Suffering from MDS causes a substantial and persistent functional decrement in a variety of areas, including the above mentioned, partially due to fatigue (81% of patients). A negative impact on quality of life results from the time and effort required to cope with the disease such as frequent visits to doctors, administering therapy, and managing side effects. Patients have often viewed the emotional impact of MDS (shock, anger, depression, and anxiety) as being more problematic than the physical consequences.
Among the cytopenias which define MDS, anemia has the most prominent influence. Low hemoglobin values are a key determinant of fatigue, a key determinant of quality of life. Although frequent and unusual infections may contribute to physical complaints, this is rarely a major issue in the early stages of the disease. MDS related thrombocytopenic bleeding is usually confined to later stages and progression to leukemia. Moreover, there may be other physiological (rather than psychological) reasons. For other neoplastic diseases, it has been shown that altered cytokine levels contribute to alterations of physical and psychological well-being,15 which may be the case in patients with MDS/leukemia;16,17 in polytransfused patients the evolving secondary hemochromatosis may also contribute to the number of symptoms MDS patients have to bear. Manifestations may range from increased fatigue to overt heart failure, but due to the underlying disease and the high rate of co-morbidity in the elderly patients, it remains difficult to ascertain the contribution of the various etiologies to the respective symptom.18
Management
Observation (‘watch and wait’)
Observation with periodic blood counts, also called ‘watch and wait’, is generally recommended for a patient with a low or intermediate-1 risk hemoglobin level greater than 10 g/dL and platelet counts of 50,000/μL to 100,000/μL, without need for transfusion. These patients may be able to maintain their usual activity levels without therapy.
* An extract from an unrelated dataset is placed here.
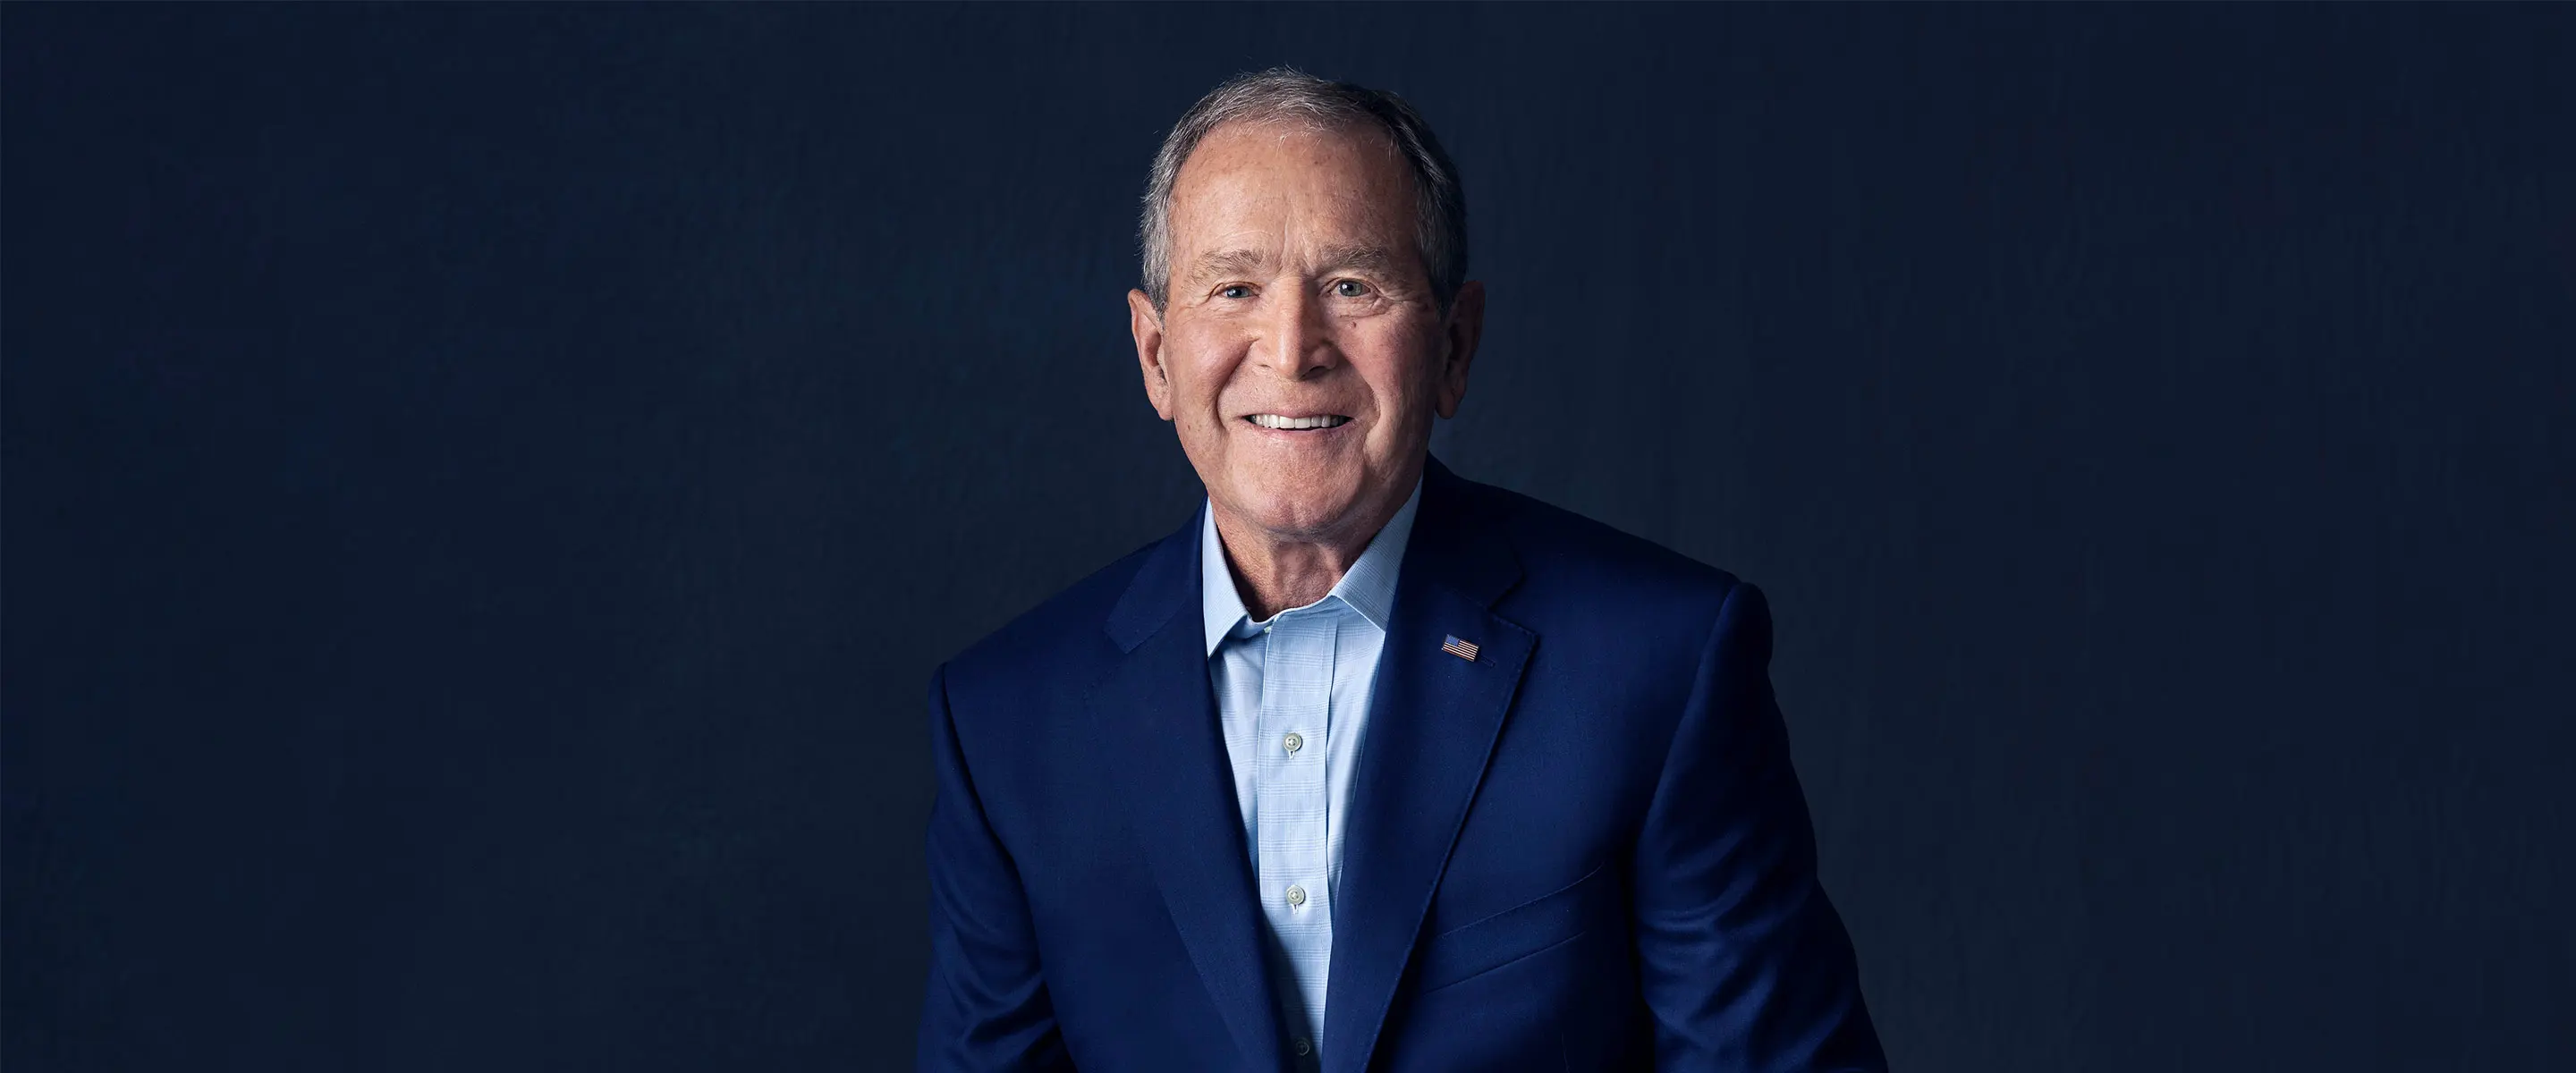 پرزیدنت جورج دبلیو بوش رهبری اصیل را آموزش می دهد

Some patients have little change in status for years. However, regular check-ups are important, in that there is a risk of progression to more severe forms of MDS or AML. It is therefore important for a patient to have an MDS specialist do periodic health status evaluations and monitor blood cell counts on a regular basis.
Anemia in MDS: its importance in the geriatric patient
Recent, extended, observational epidemiologic studies have consistently documented that anemia, even if not severe, is strongly and independently associated with major adverse functional outcomes in community-dwelling of older adults, including the decline in physical and cognitive function, frailty, and disability.19 Evidence has also shown that anemia interacts with common co-morbidities to synergistically increase the risk of outcomes such as frailty and mortality.20,21 Anemia is most often defined by World Health Organization criteria (hemoglobin <12 g/dL for women and <13 g/dL for men), but these criteria do not consider the debilitating effects of mild anemia on the elderly population. It is not clear if a lower hemoglobin concentration for post-menopausal women is valid or whether the same threshold should be used for both men and women.22 Racial differences may be important in assessing optimal hemoglobin concentration, and this research will be important in determining the best supportive care for MDS patients. More research involving the community-dwelling of the elderly population is needed to determine optimal hemoglobin levels for elderly patients and the effect of treatment for mild anemia on outcome. Patients with MDS often have severe anemia, which contributes to their overall prognosis, exacerbating the symptoms of co-morbid illnesses and influencing functional, cognitive, and social deterioration in their lives. Using current prognostic scales, anemia in all MDS patients should be aggressively treated to improve functional and cognitive status in order to improve quality of life.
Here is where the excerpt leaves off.